A secondary result of the study was that Montague’s work unleashed criticism about neuromarketing, with people expressing fear that it offered a path for corporations to influence our behavioral choices subconsciously. While recognizing the concern, Montague noted the benefit of neuroscientists studying and publishing about how the brain works in the consumer market, as opposed to a private company manipulating people for years without them knowing.

That distinction between academic research and private research is an important one to note, and one that panelist Uma Karmarkar, assistant professor of marketing/ITO at the Rady School of Management at UCSD, emphasized. While acknowledging that Nielson operates at a refreshing level of transparency, corporate research isn’t necessarily held to the same rigorous, peer-reviewed standard as that in academia. “The research doesn’t have to be right for clients,” she said, “it has to be effective.” She also raised the question of informed consent standards for research subjects within the different arenas.

Looking to the future of the field, how good will personal targeting get and how will it be regulated? asked neuroscientist Steven Hyman, event moderator, former INS president, and current Dana Foundation Board and Dana Alliance for Brain Initiatives member.

Studies will become “faster, smaller, and cheaper, because clients want the information quickly,” responded Marci. But consumer neuroscience won’t be without competition: It could be eclipsed by big data–the “digital cookie crumbs” so many of us leave behind as we use technology.

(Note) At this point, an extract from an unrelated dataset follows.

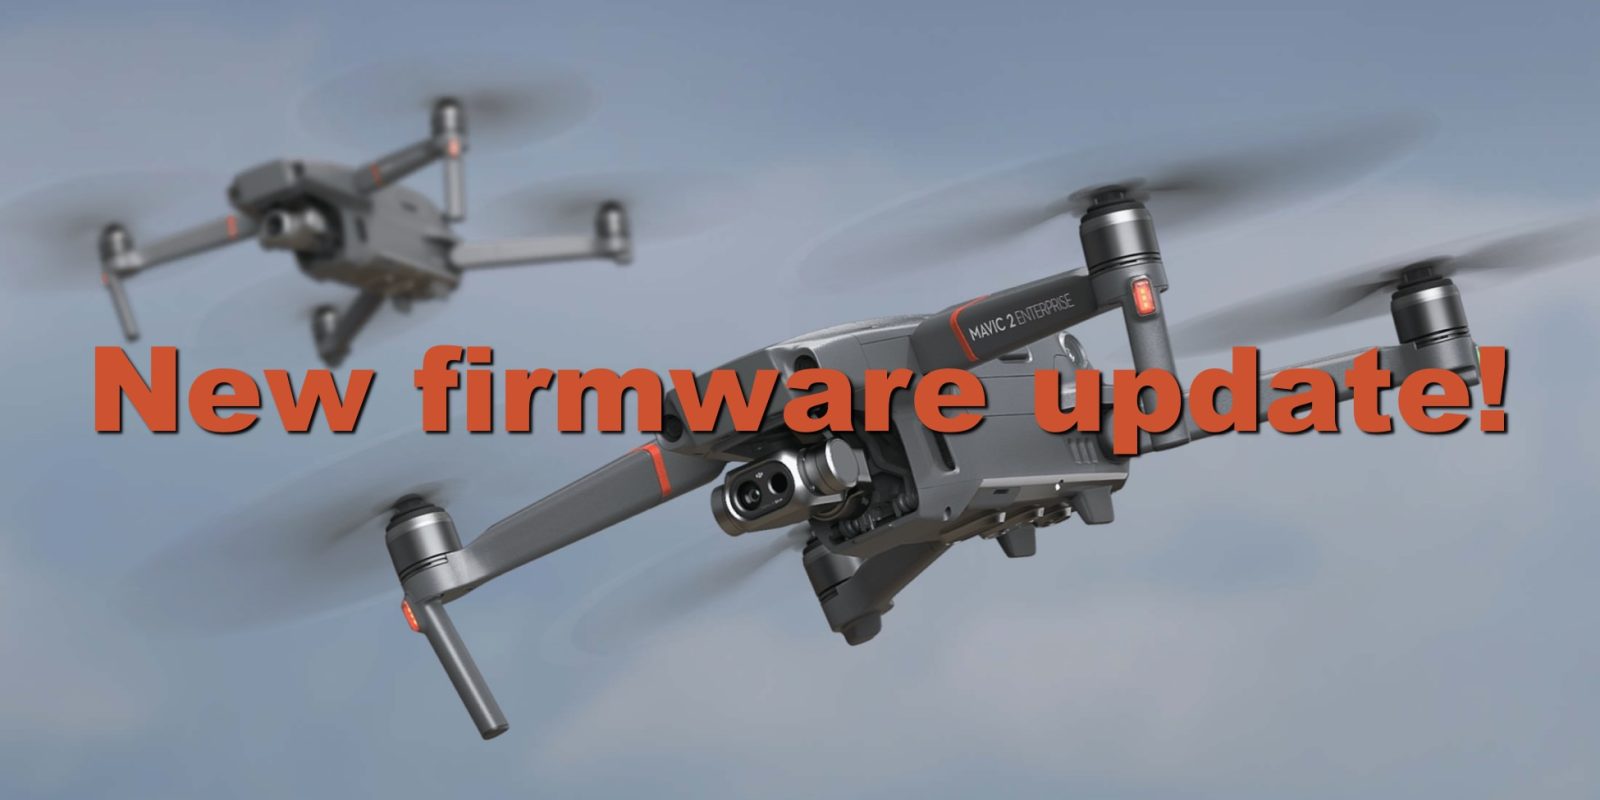 DJI announces upgraded support program for enterprise customers in North America
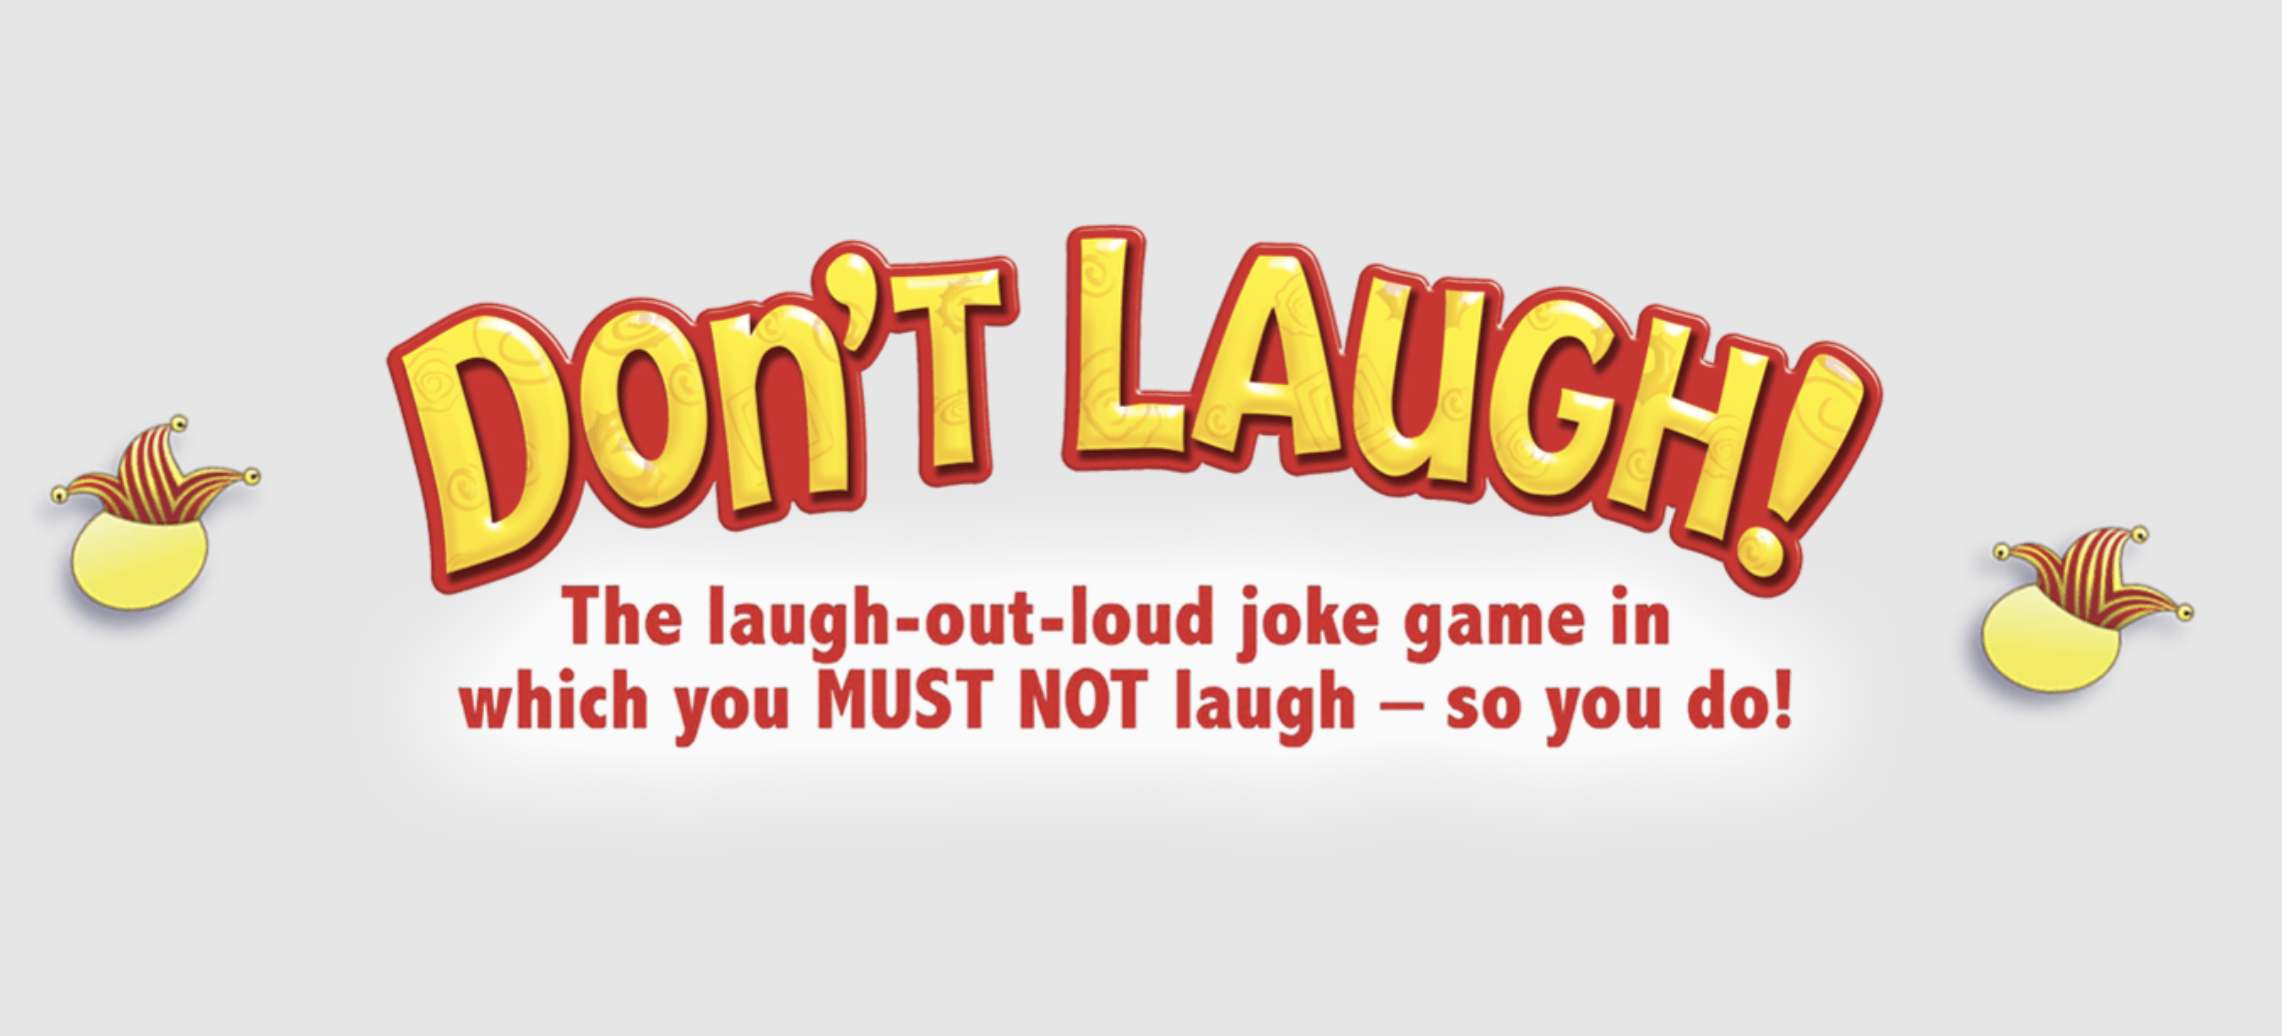 text that reads "Don't Laugh" in a large yellow font. Beneath, it reads in a red font "The laugh-out-loud joke game in which you MUST NOT laugh -- so you do!"

Regulation of data is and will continue to be difficult as technology develops faster than governments are able to pass or enact laws. To combat fears, he said, tech company leaders have formed the Neuromarketing Science and Business Association and adopted a code of ethics.

In this intersection of neuroscience and society where even those in regulatory roles are playing catch-up, we’ll have to wait and see. But it’s clear that we, as the public, should continue to be vigilant and ask questions to ensure consent remains a priority.